# [PROVIDED MATERIAL]
============================================================
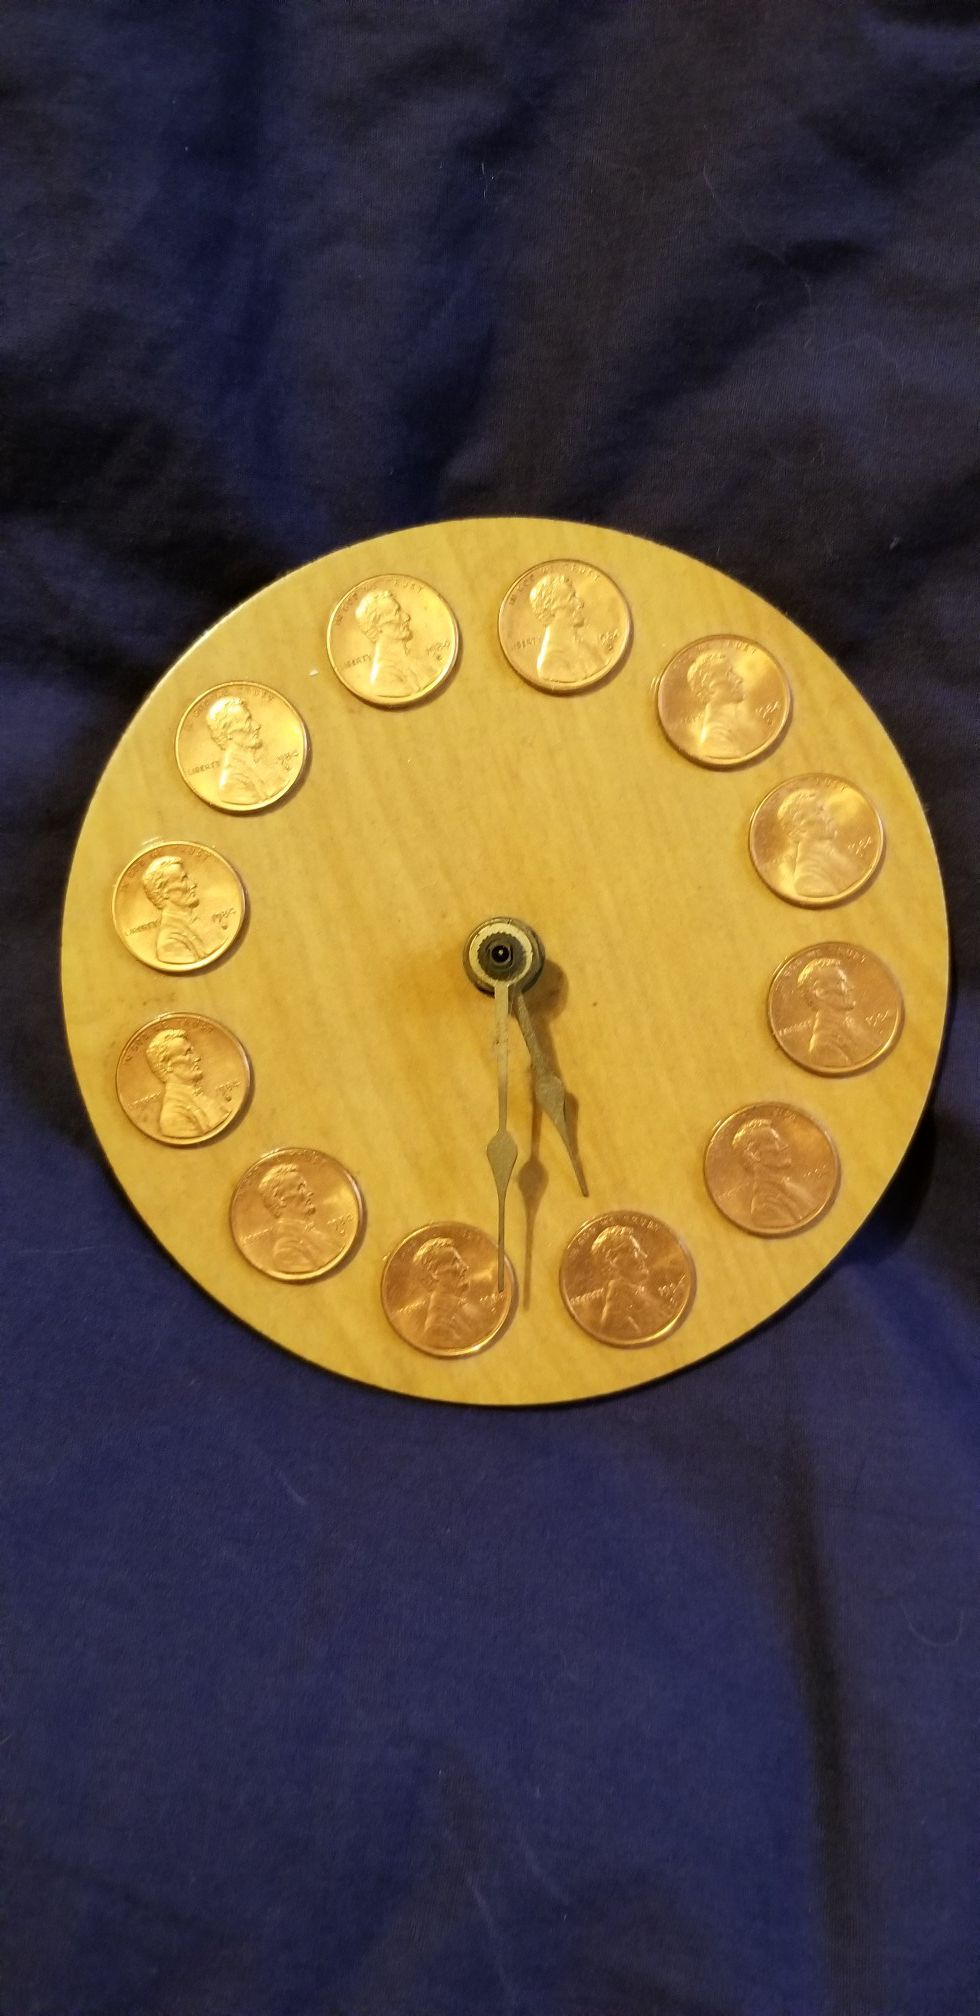 Penny clock
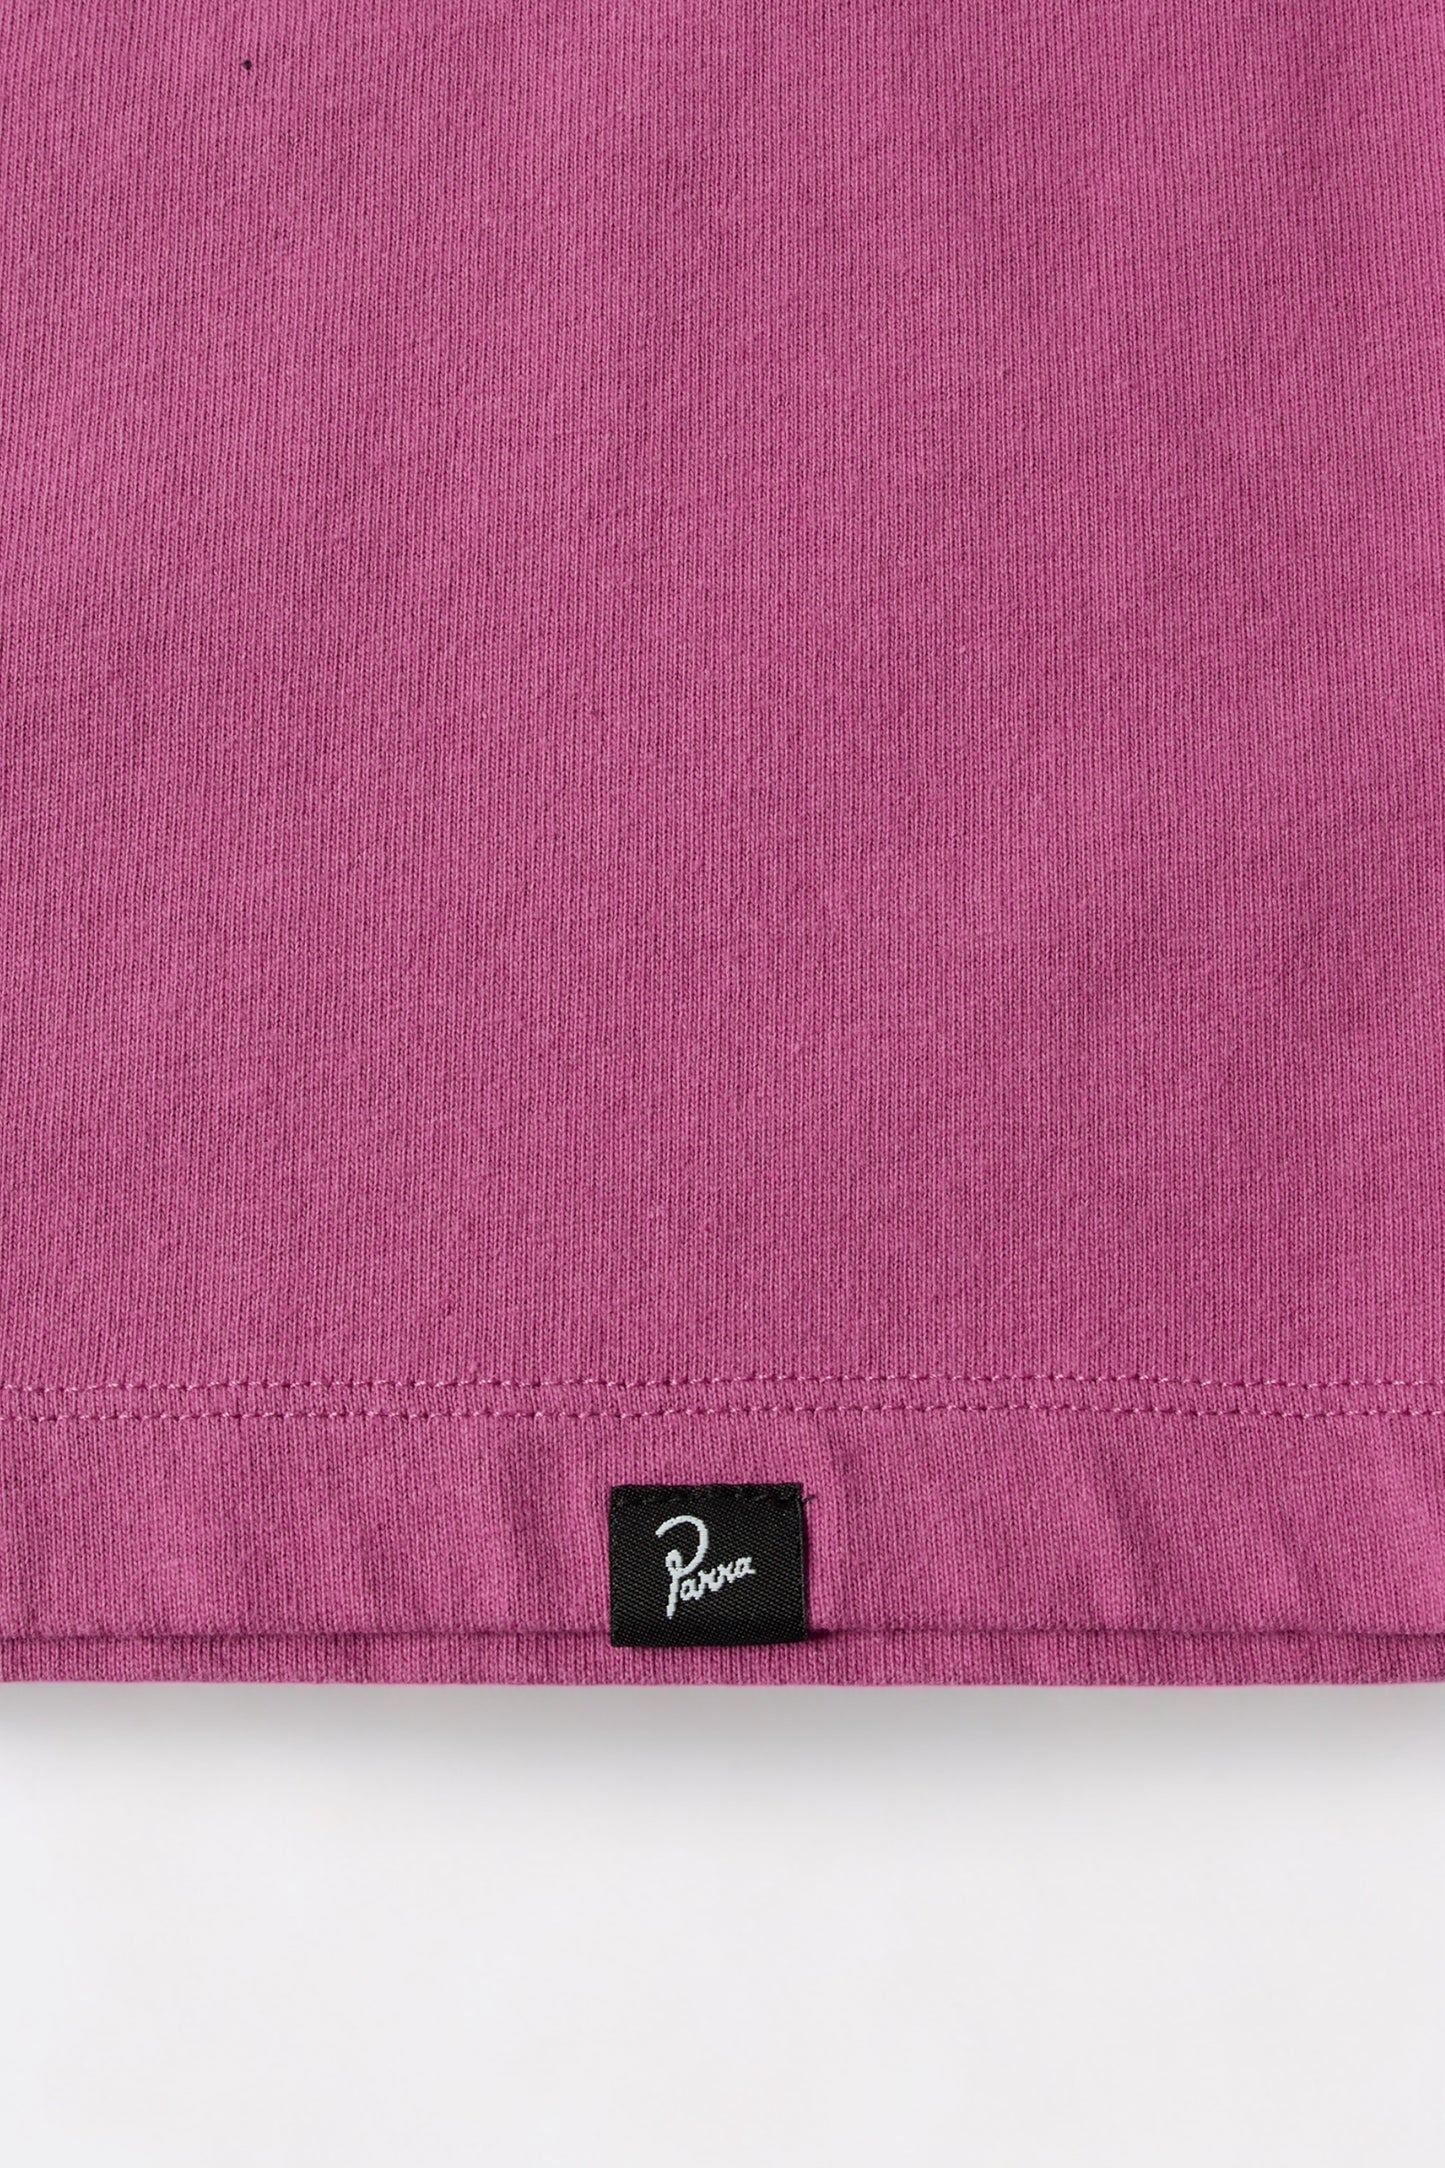 My Dear Swan T-Shirt (Pink)
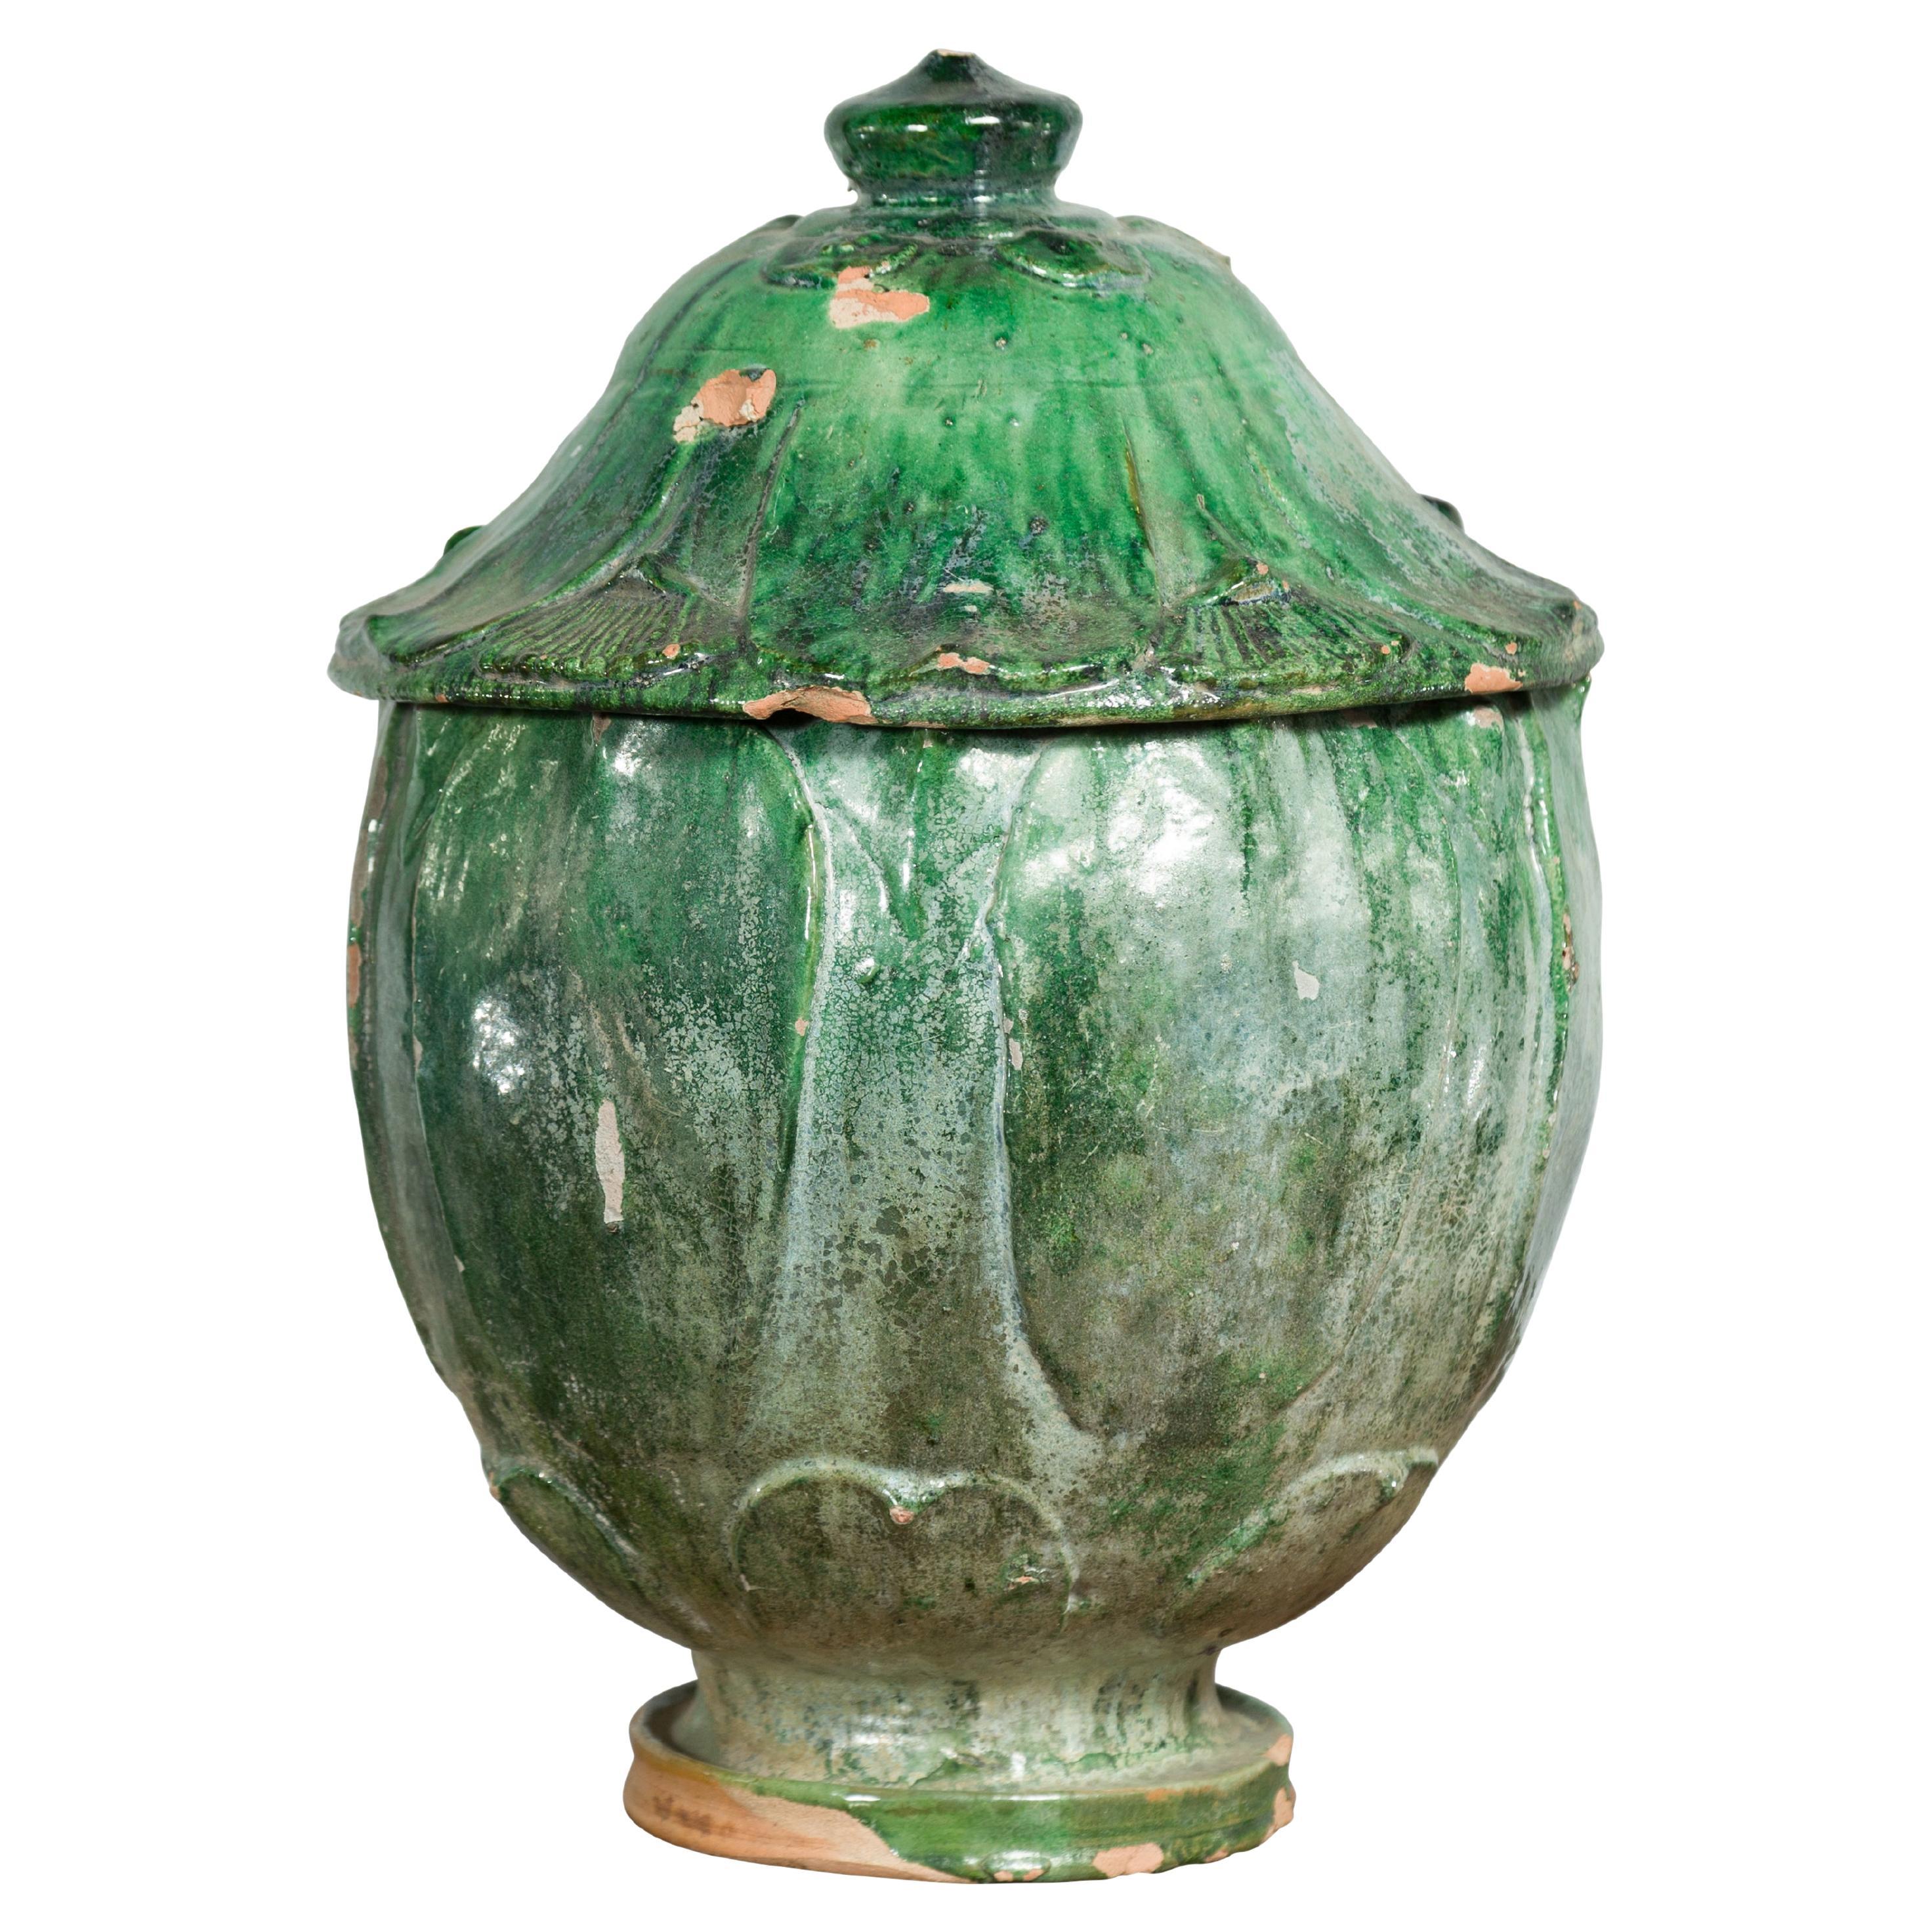 Chinese 18th Century Qing Dynasty Green Glazed Terracotta Lotus Shaped Jar
============================================================
# [WHAT YOU ARE ASKED TO DO]
Restate the data word for word, minus any images.

# [RESULT]
 Penny clock
 My Dear Swan T-Shirt (Pink)
 Chinese 18th Century Qing Dynasty Green Glazed Terracotta Lotus Shaped Jar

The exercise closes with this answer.